Article Text
Abstract
Introduction Fabry disease (FD) may present with left ventricular hypertrophy (LVH), renal insufficiency or stroke. Several studies investigated FD prevalence in populations expressing these symptoms. A systematic review was conducted to calculate the overall prevalence of FD in these cohorts.
Methods Online databases were searched for studies on screening for FD. Study population selection, screening methods and outcome of screening were recorded.

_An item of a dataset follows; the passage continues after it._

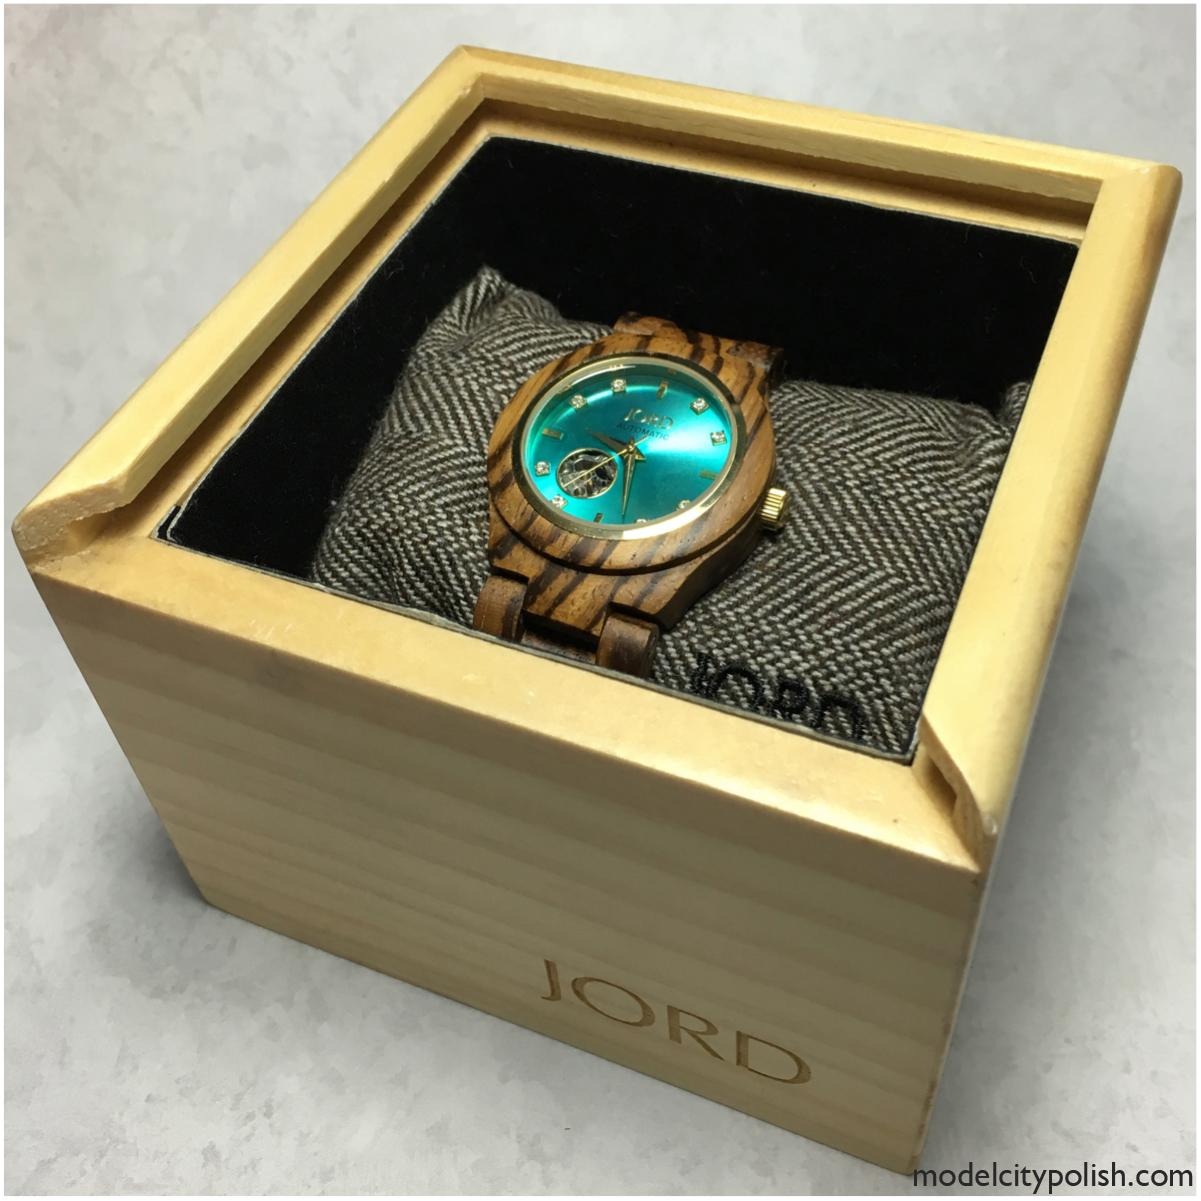 Jord Watch 2

Results 20 studies were identified, 10 of which included both male and female patients. In all (n=19) studies with male and almost all (n=10) with female patients, α-galactosidase A (α-Gal A) activity was used as the screening method. In men on dialysis (10 studies), overall FD prevalence was 0.33% (95% CI 0.20% to 0.47%) and in women (6 studies) 0.10% (95% CI 0% to 0.19%). Combined prevalence of FD in patients with renal transplant was 0.38% in men (95% CI 0.07% to 0.69%) and 0% in women. In patients with LVH, selection of study population and differences in the method of screening hampered the calculation of an overall prevalence (ranging from 0.9% to 3.9% in men and 1.1% to 11.8% in women). In premature strokes (n=2 studies), overall FD prevalence was 4.2% (95% CI 2.4% to 6.0%) in men and 2.1% (95% CI 0.5% to 3.7%) in women.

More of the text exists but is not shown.